Would you include having a CAPA process or management review in your risk file?

No, but I would certainly include the OUTPUTS of these processes, where applicable, within the risk control file.
ISO 13485 says you have to document design outputs, as an output of 7.3.4, these are most definitely things I would include in the risk management file.

If there is a potential issue with pests and your product, it doesn't belong in the risk file

TR24971 includes the guidance that risk controls may be applicable in other lifecycle phases, including storage and distribution




i.e. if the product can become contaminated during storage and/or distribution, and the method of use would reasonably expose the user to that contamination, it is a risk to patient health.
As such it is a prime candidate for the risk file.
This is why implants come double, or triple, barriered - the exterior sterile barrier is sanitised by hospital staff prior to an aseptic transfer of the internal sterile barrier into the operating theater's sterile field. This is then opened and transferred to the surgeon for use.
The risk of contamination of the external surface (through storage and distribution) is acknowledged, and controlled by the double/triple barrier.
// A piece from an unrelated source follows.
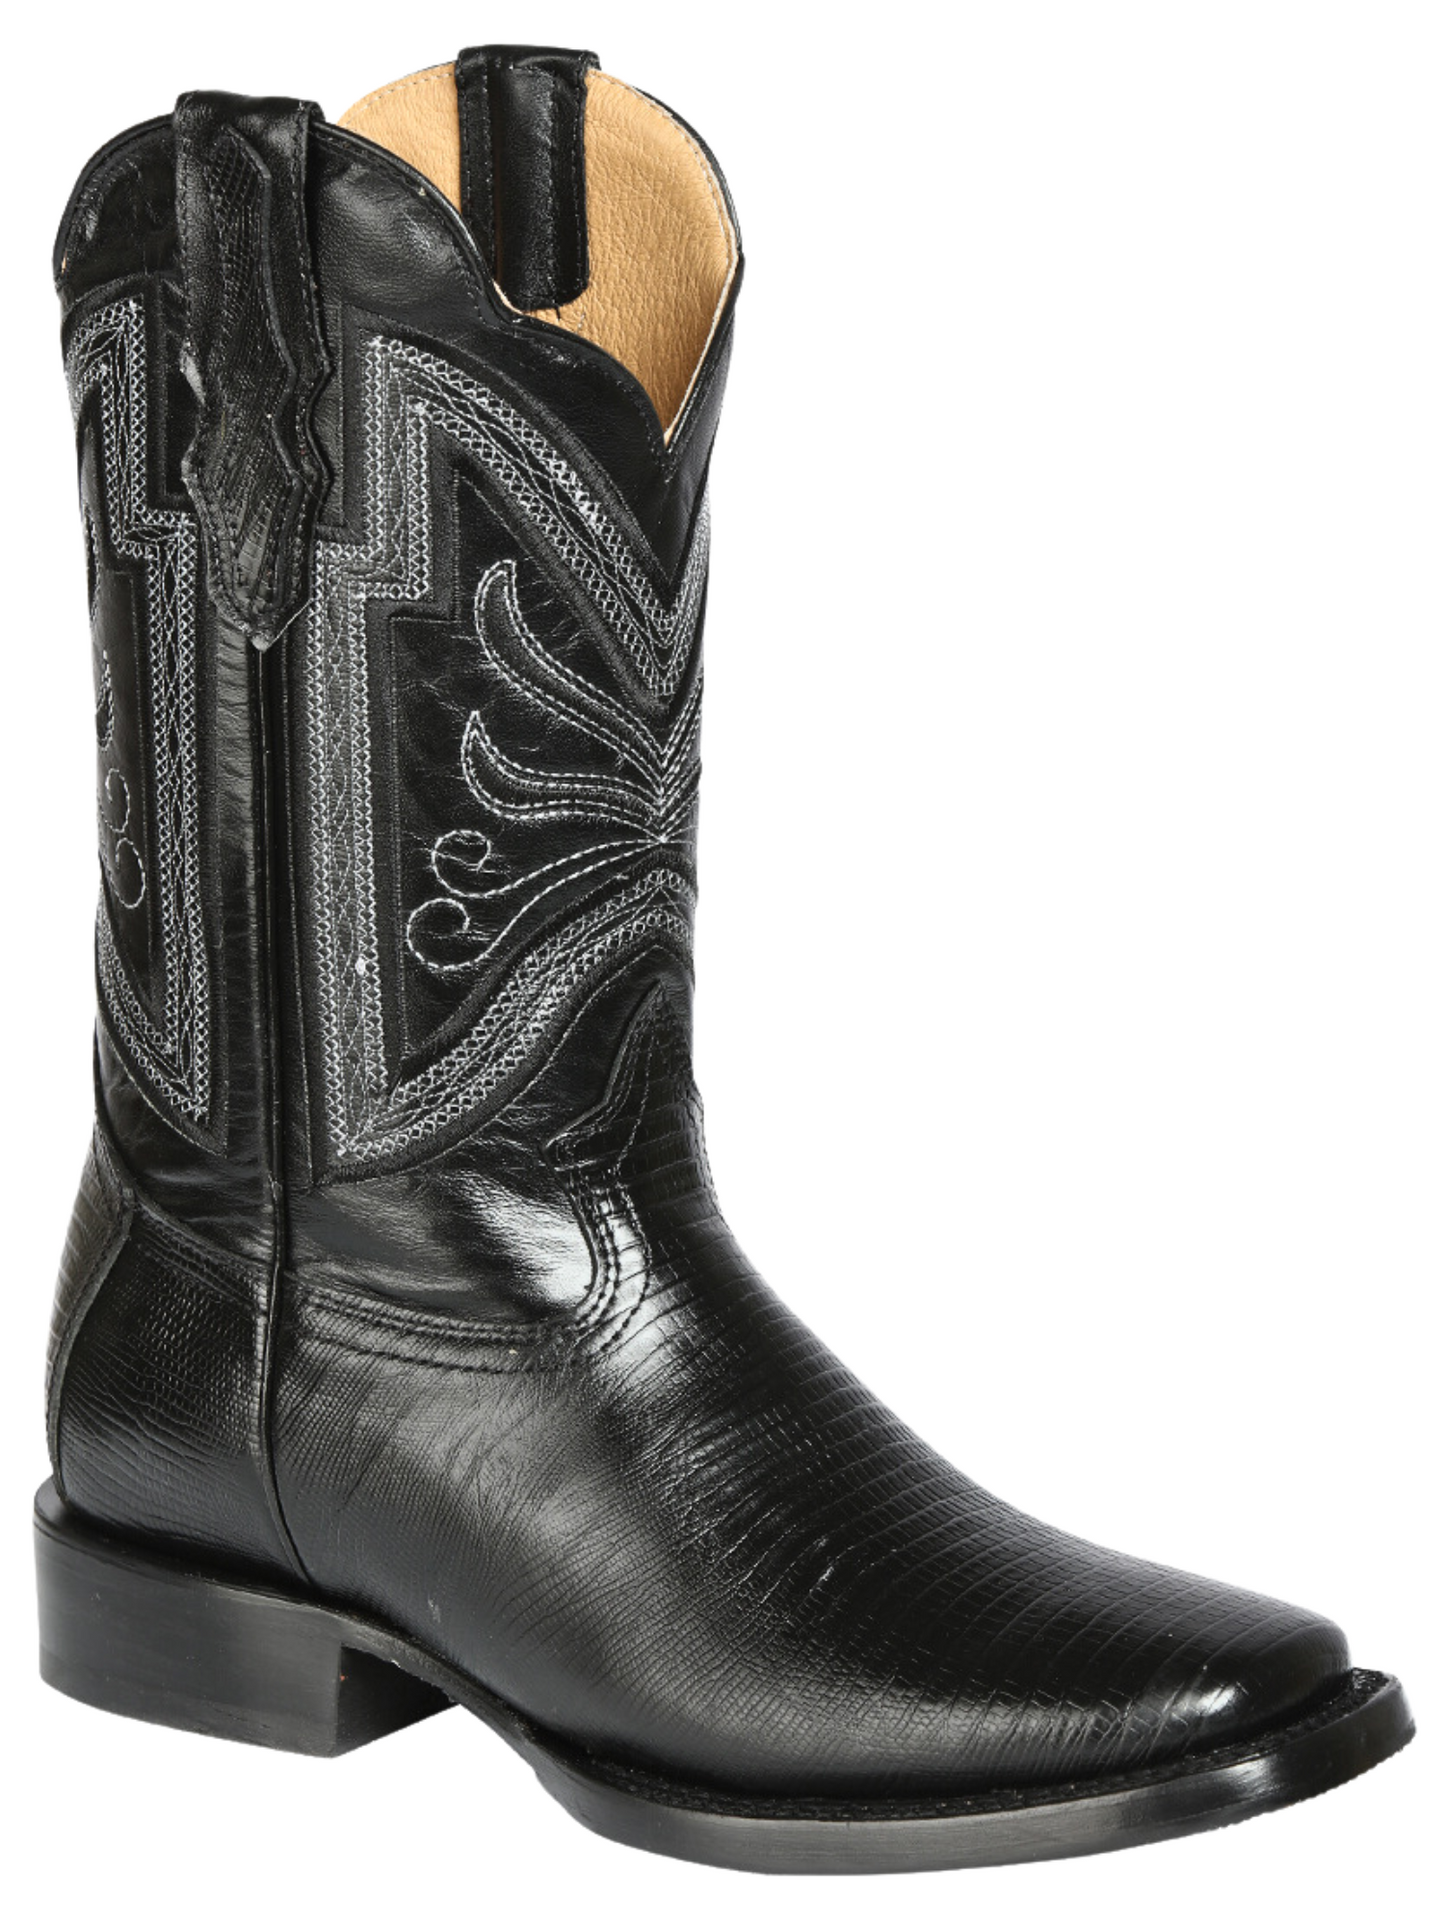 Rodeo Cowboy Boots Imitation of Lizard Engraved in Cowhide Leather for Men 'El General' - ID: 44666 Cowboy Boots El General

The devices in question do not need this level of sterility assurance, but there is still a risk related to contamination of the outside surface - so the pest control program to mitigate this risk during storage and prior to secondary packaging is sufficient.


Thanks,

TS.

 

[johncharles]

you'll have to refresh my memory on which clause says you have to have pest control..

6.4 - you need a pest control program. If you don't have one, it will be quickly noticed during an audit.

The companies you worked with that did not have a pest control program, did have a pest control program through a third party.

TR24971 says that the risk management file can be integrated with QMS documentation. You have a pest control procedure as an OUTPUT of your infrastructure process. What value do you have in putting in the risk file? Would your pest control policy be changed to minimize risk? Would it be monitored differently? I'm not arguing that pest control isn't an activity to mitigate risk, but that every QMS activity is risk-mitigating. Embed your risk file in your QMS and let your QMS that has already been laid out do the heavy lifting instead of double documenting all activities.